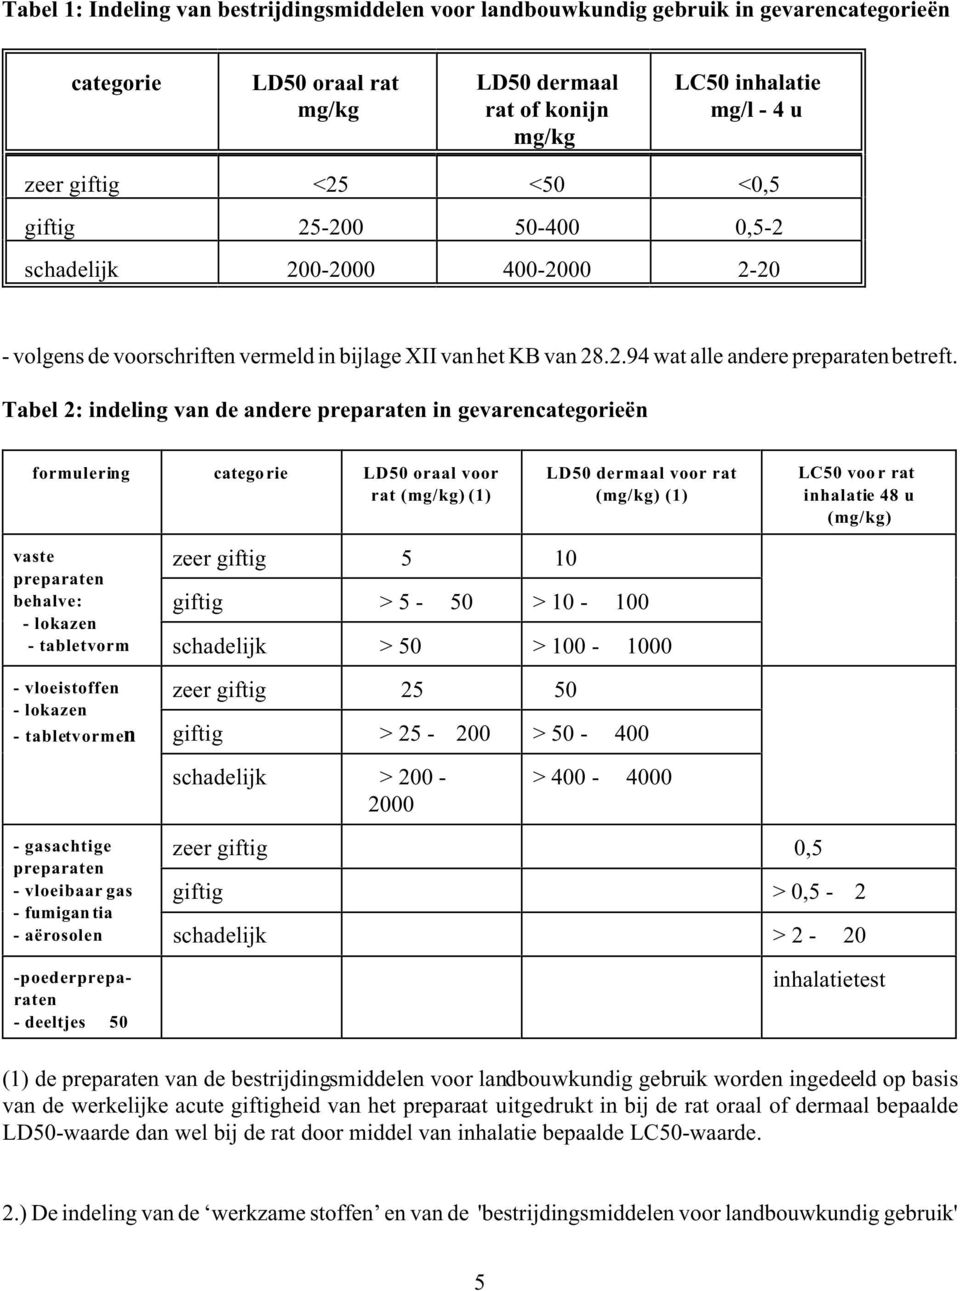 Tabel 2: indeling van de andere preparaten in gevarencategorieën formulering categorie LD50 oraal voor rat (mg/kg) (1) LD50 dermaal voor rat (mg/kg) (1) LC50 voor rat inhalatie 48 u (mg/kg) vaste
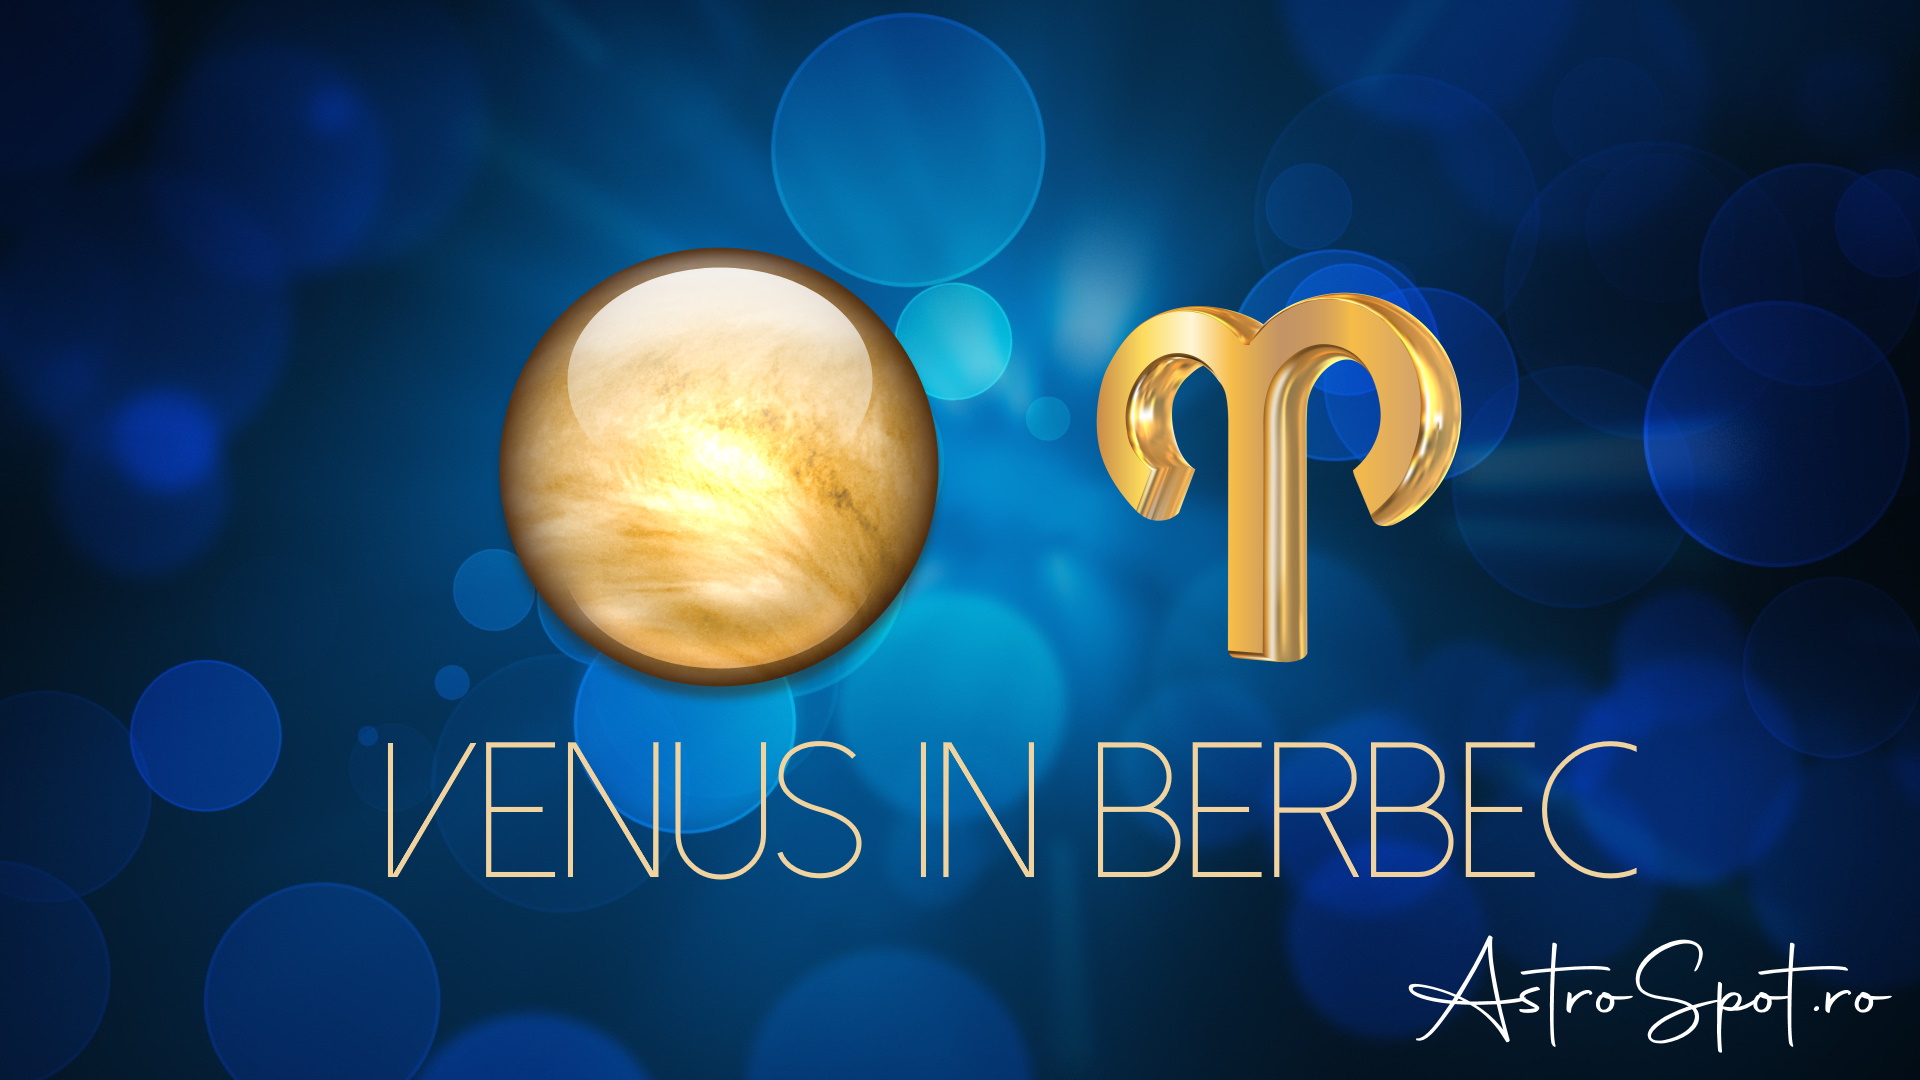 Venus in Berbec
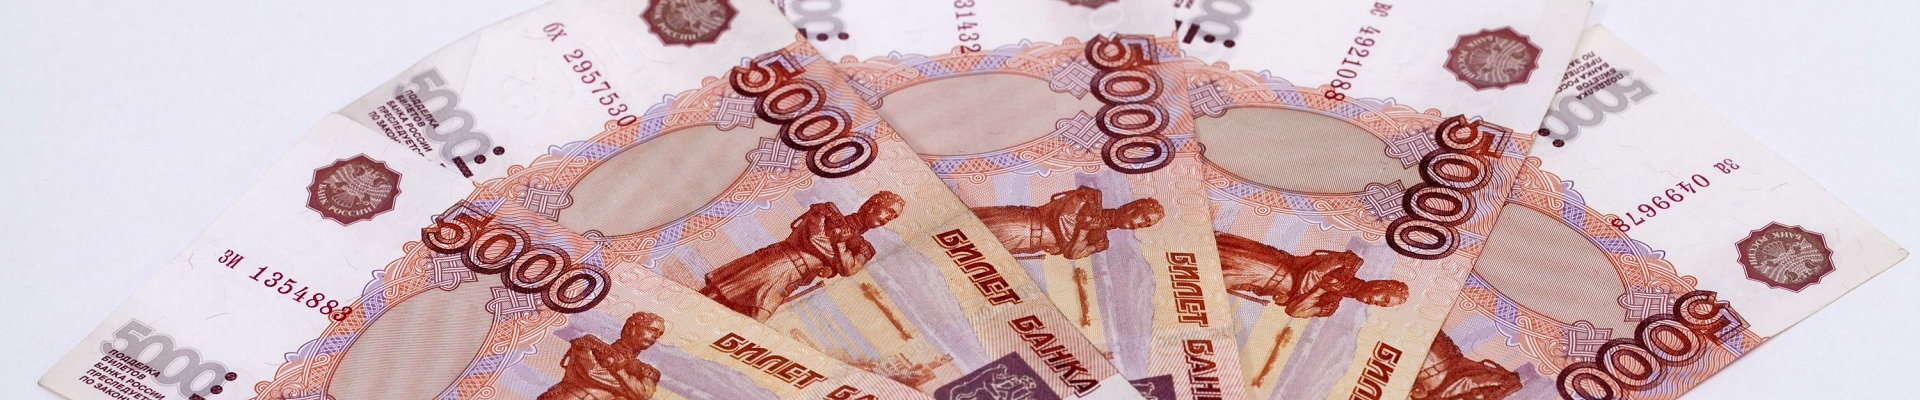 Банк России сообщил о новой схеме обмана москвичей на взятие кредита, которая набирает популярность среди мошенников
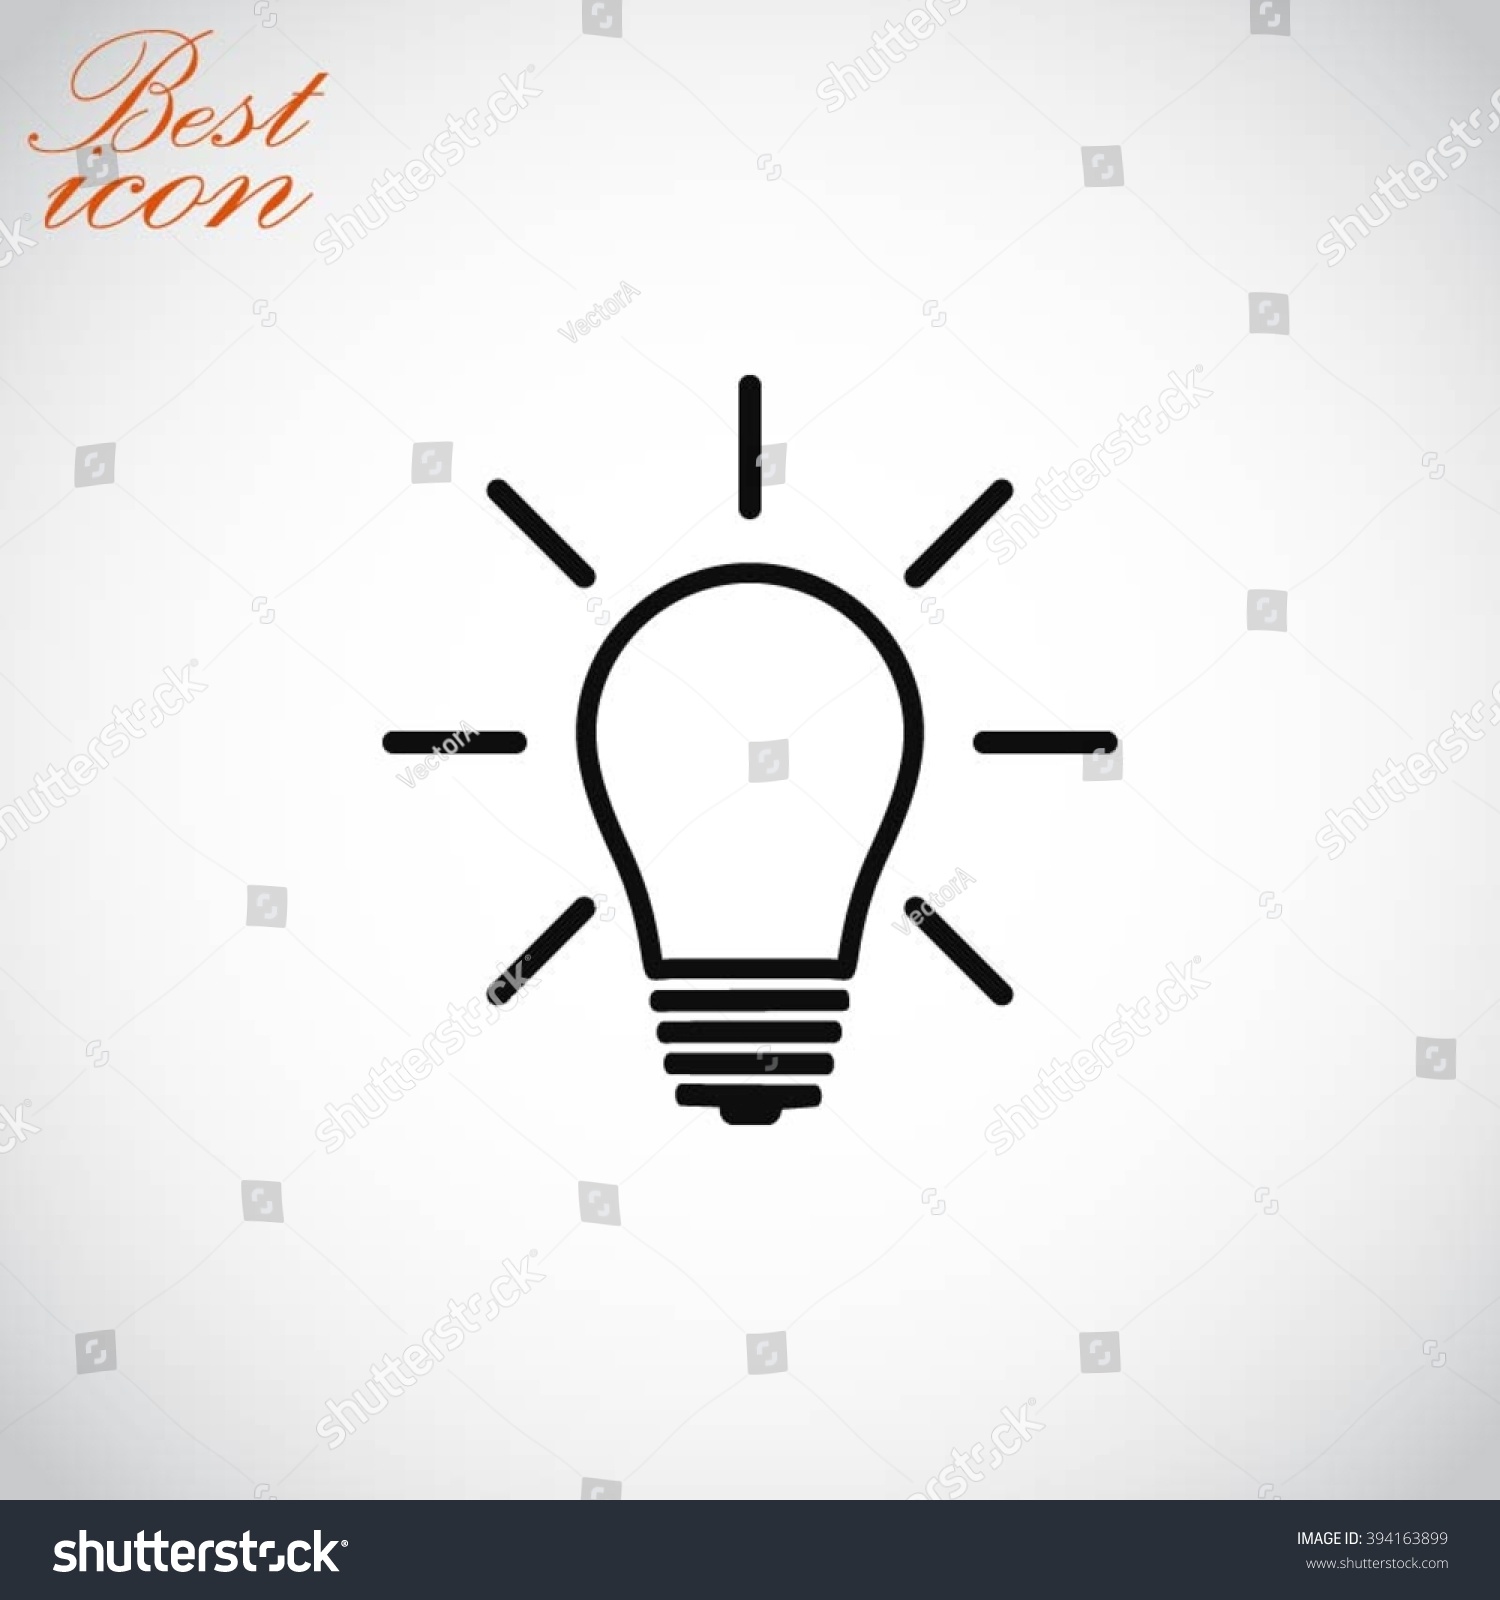 Light Bulb Icon Stock Vector 394163899 : Shutterstock

Prompt:
Exactly the lines from the line with "Venus in Berbec" through the end of the data are to be reproduced, and no picture is to be included.

Output below:
 Venus in Berbec
 Банк России сообщил о новой схеме обмана москвичей на взятие кредита, которая набирает популярность среди мошенников
 Light Bulb Icon Stock Vector 394163899 : Shutterstock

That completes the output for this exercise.